Cross-datacenter multi-object transactions in industry.
- Database features of Spanner:
- Schematized semi-relational tables.
- SQL-based query language.
- General purpose transactions.
- Atomic schema changes. - Distributed system features of Spanner:
- Fine-grained configuration for data replication.
- Externally consistent reads and writes.
- Globally consistent reads. - The purposes of cross-datacenter data replication:
- Global availability;
- Geographic locality. - A datacenter consists of one or more zones, and a zone consists of
- One zone-master, which assigns data;
- Up to thousands of spanservers, which serve data;
- Location proxies, which locate data for clients. - A directory, as the unit of data placement, is a set of contiguous keys that share a common prefix.
- A tablet, as the data managed by a Paxos state machine, may consist of multiple directories so that data frequently accessed together could be colocated.
- Along with a bag of multi-versioned key-value mappings, the metadata and log of the corresponding Paxos state machine is also stored in the tablet.
- A Paxos group is the set of replicas of the same tablet across different spanservers.
- A spanserver may serve 100–1000 tablets, each belonging to a different Paxos group.
- The TrueTime API exposes the clock uncertainty by returning a time interval to each query for the current time (i.e. TT.now().earliest and TT.now().latest).
- TrueTime uses both GPS and atomic clocks, which have different failure modes.
- Two-phase locking (2PL) is used for read-write transactions, because optimistic concurrency control would perform poorly for long-lived transactions in the presence of conflicts.
- Lock-free snapshot isolation is used for read-only transactions, which executes at a system-chosen timestamp and can proceed on any replica that is sufficiently up-to-date.

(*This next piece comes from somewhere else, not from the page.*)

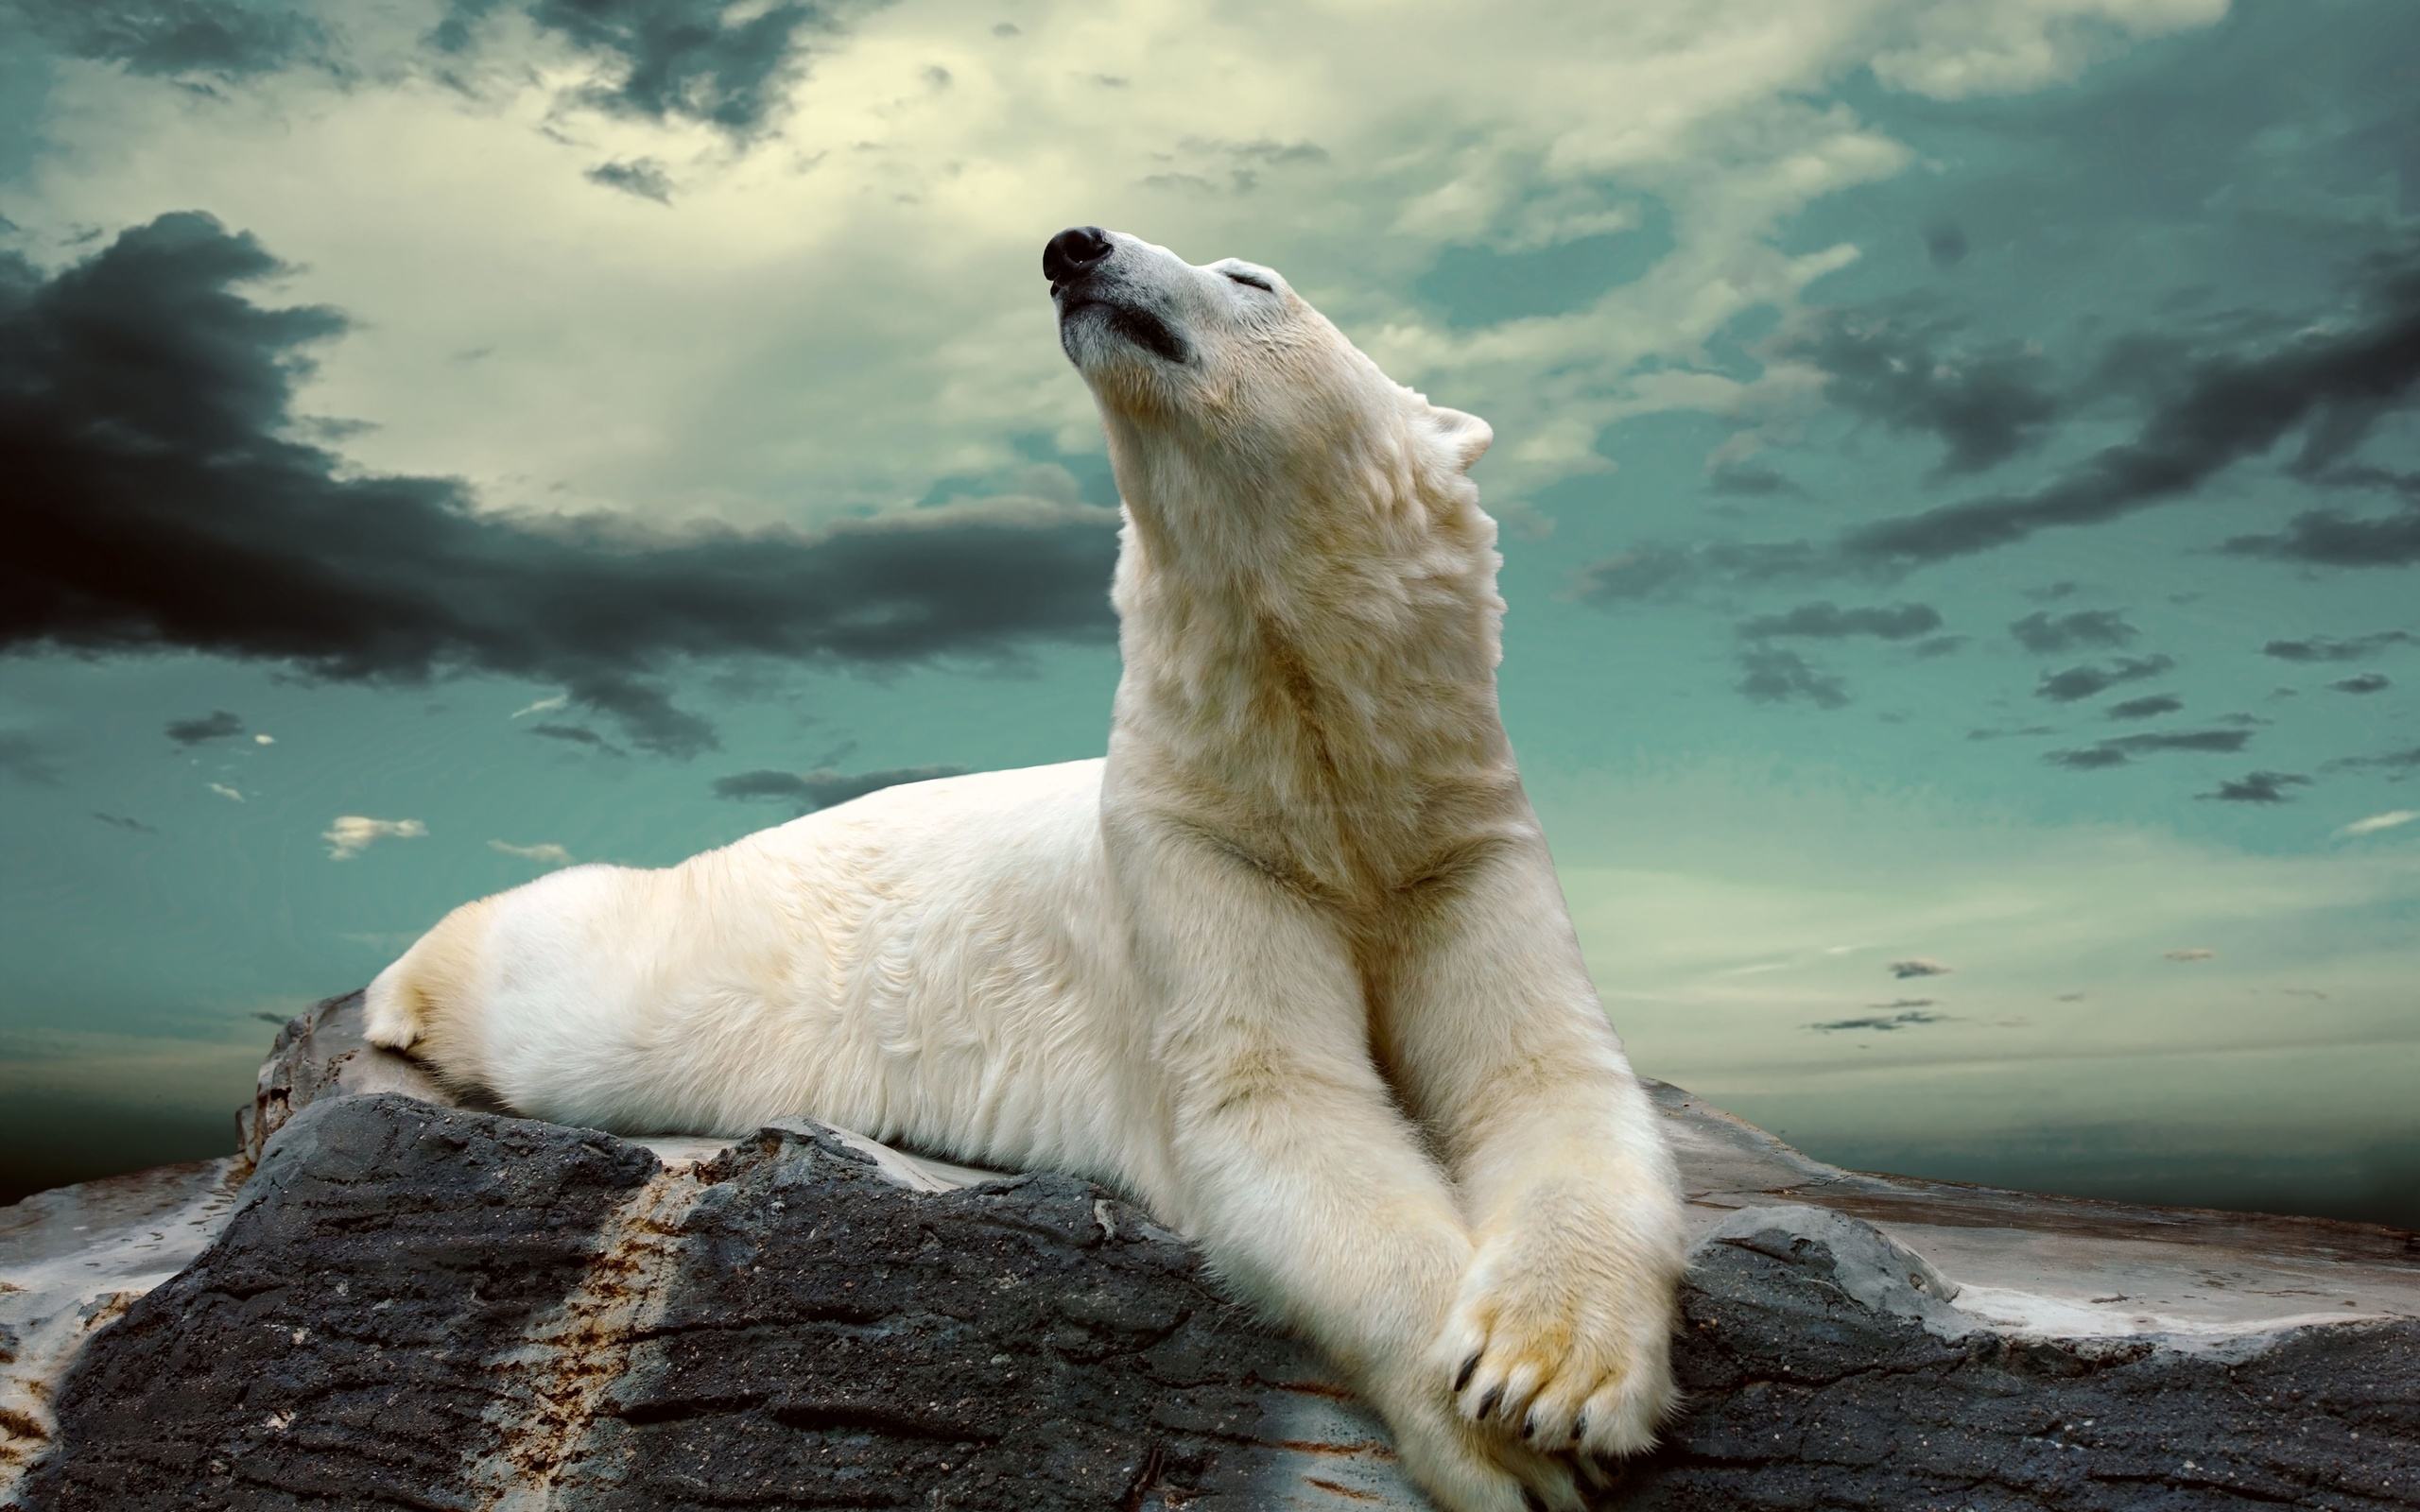 Gấu bắc cực: Hãy cùng chiêm ngưỡng vẻ đẹp hoang sơ của gấu bắc cực, loài động vật cao nguyên sống trong điều kiện khắc nghiệt nhưng lại rất đáng yêu và dễ thương.

- A Paxos leader maintains a lock table that maps ranges of keys to 2PL states and a transaction manager for coordinating transactions across multiple Paxos groups.
- For a transaction across multiple Paxos groups, one Paxos group is chosen as the coordinator for the two-phase commit (2PC), and the state of the transaction is replicated within the coordinator group so that the availability issue of the 2PC is mitigated.
- 2PC is skipped if only one Paxos group is involved in a transaction.
- Writes that occur in a transaction are buffered at the client until commit.
- A Paxos leader is long-lived, and has a lease that defaults to 10 seconds.
- Disjointness invariant: for each Paxos group, each Paxos leader’s lease interval is disjoint from every other leader’s.
- External-consistency invariant: if the start of a transaction T2 occurs after the commit of a transaction T1, then the commit timestamp of T2 must be greater than the commit timestamp of T1.
- Two rules to guarantee the external-consistency invariant:
- Start: the assigned commit timestamp is no less than TT.now().latest;
- Commit wait: the coordinator leader doesn’t initiate the commit until TT.now().earliest exceeds the commit timestamp. - The commit timestamp assigned by the coordinator leader must be no less than any of the prepare timestamps assigned by the leaders of the participant groups.
- The coordinator leader sets the commit time of a read-only transaction as TT.now().latest without negotiating with the other participants.